Guillem Montoro i López (born March 3, 1995, in Paiporta, Valencian Community) is a Spanish politician, equality technician, and LGBT rights activist. He served as a councillor in the Paiporta City Council for Compromís from 2018 to 2020, becoming the first openly trans man in Spain to hold this position.

==Biography==

===Public life===

In April 2018, he published his first book, ¿Y si fueras tú? (What if it were you?), with Vínculo Editorial, co-written with Patricia Estellés, addressing school bullying and how to combat it.

In February 2018, after nearly three years, he was able to legally change his documents.

In December 2020, he was part of the short film jury at the 6th edition of Mostra La Ploma - Film and Culture Festival for Sexual, Gender and Family Diversity, organized by Col·lectiu Lambda, awarding Transversales directed by Jorge Garrido.

===Political career===

Montoro began his political journey with Compromís in the 2014 elections, appearing on the party's list for Paiporta, headed by Isabel Martín, who became mayor. He joined the governing team as councillor for Transparency, Modernization, and Citizen Participation, later taking on Social Welfare and Equality from 2015 to 2019.

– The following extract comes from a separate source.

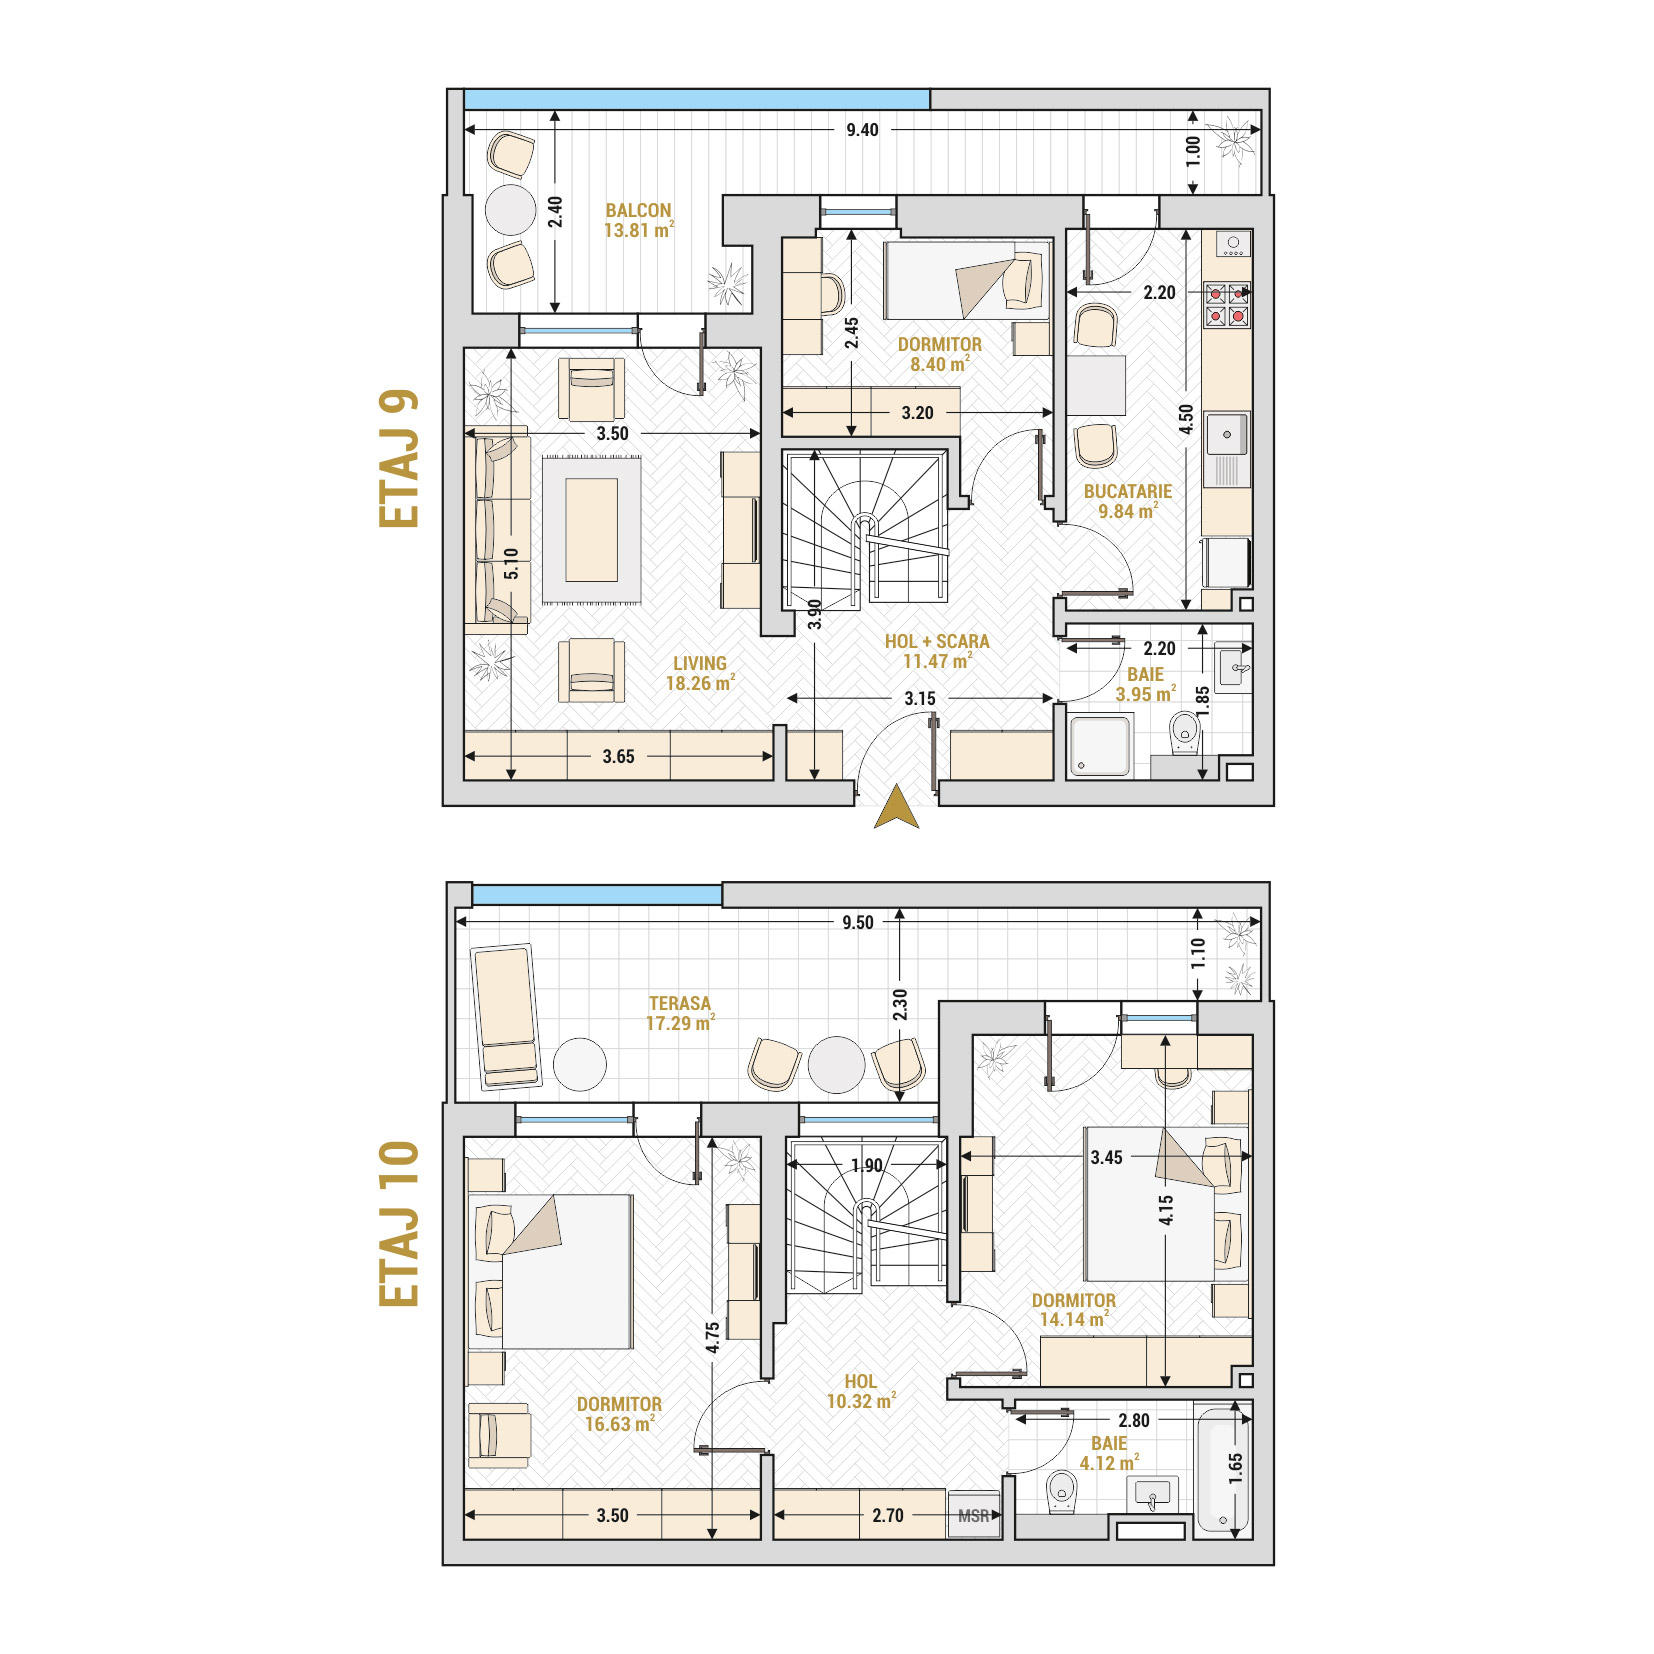 Penthouse 4 Camere Tip 2 Corp 1 - Drumul Taberei Residence - Apartamente de vanzare Bucuresti - Suprafata utila totala - 140.72 mp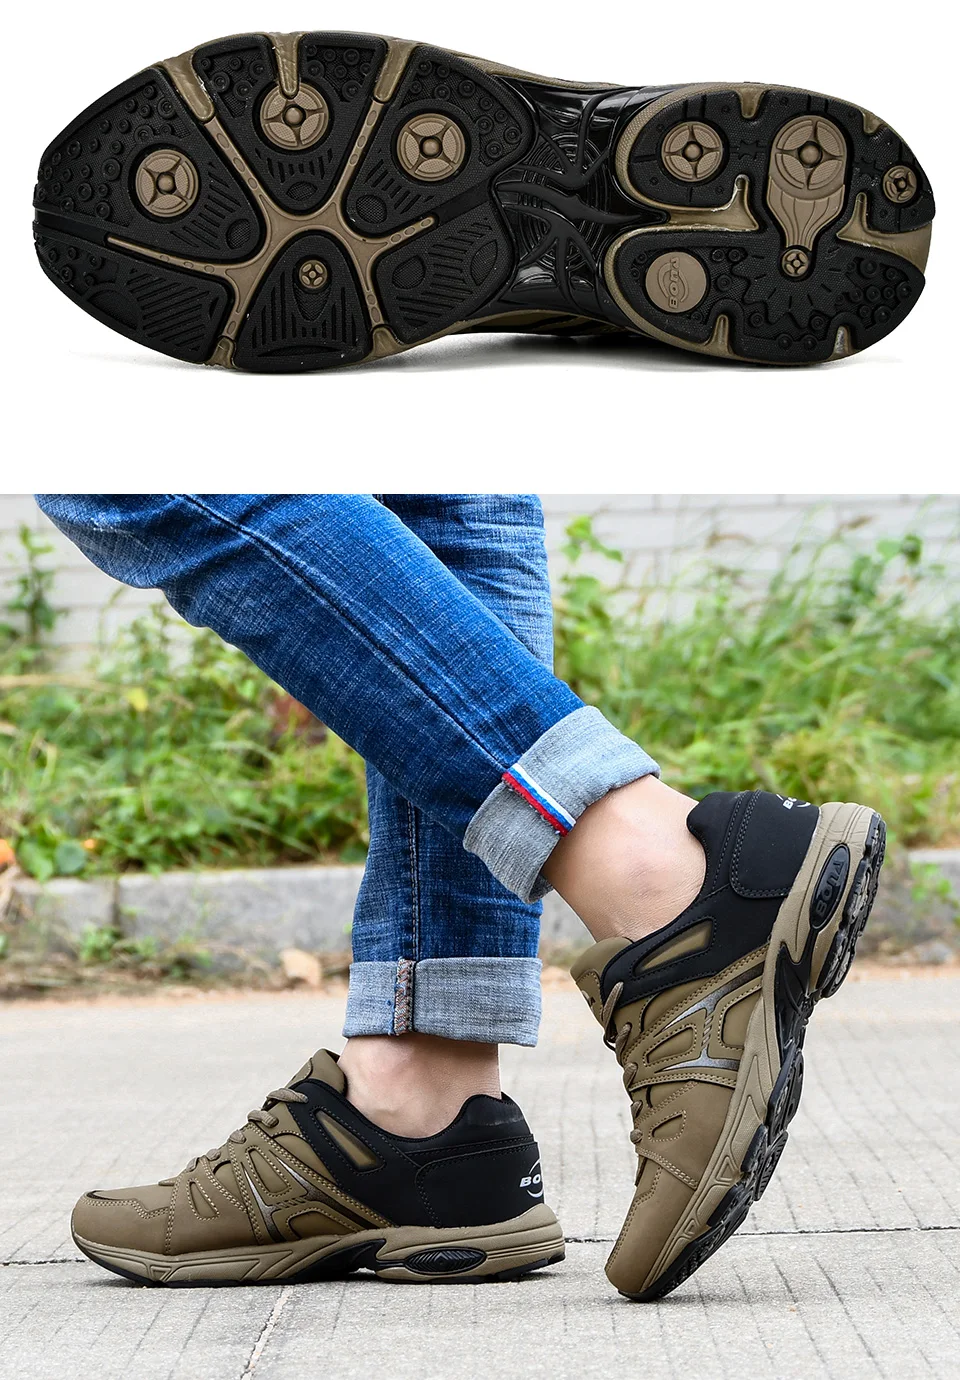 BONA/Легкая уличная спортивная обувь; мужские кроссовки; удобные беговые кожаные кроссовки для тенниса; мужские кроссовки для бега; удобные мужские кроссовки

In January 2018, he became the first transgender councillor in the Valencian Community, and the first openly trans councillor in Spain. At 22, he was also the youngest councillor in Paiporta at that time. He denounced online attacks over his gender identity.

He ran in the Compromís primaries for the Valencian Parliament in the Valencia constituency ahead of the 2019 elections.

In the May 2019 municipal elections, he was re-elected councillor in Paiporta with Compromís, led again by Mayor Isabel Martín. Their list was the second most voted.

On September 24, 2020, he resigned from his councillor role in Paiporta due to professional circumstances. He remained politically active, involved in a February 2022 dispute between Compromís and Daniela Requena, LGTBI secretary of the PSOE-PSPV, over a statement.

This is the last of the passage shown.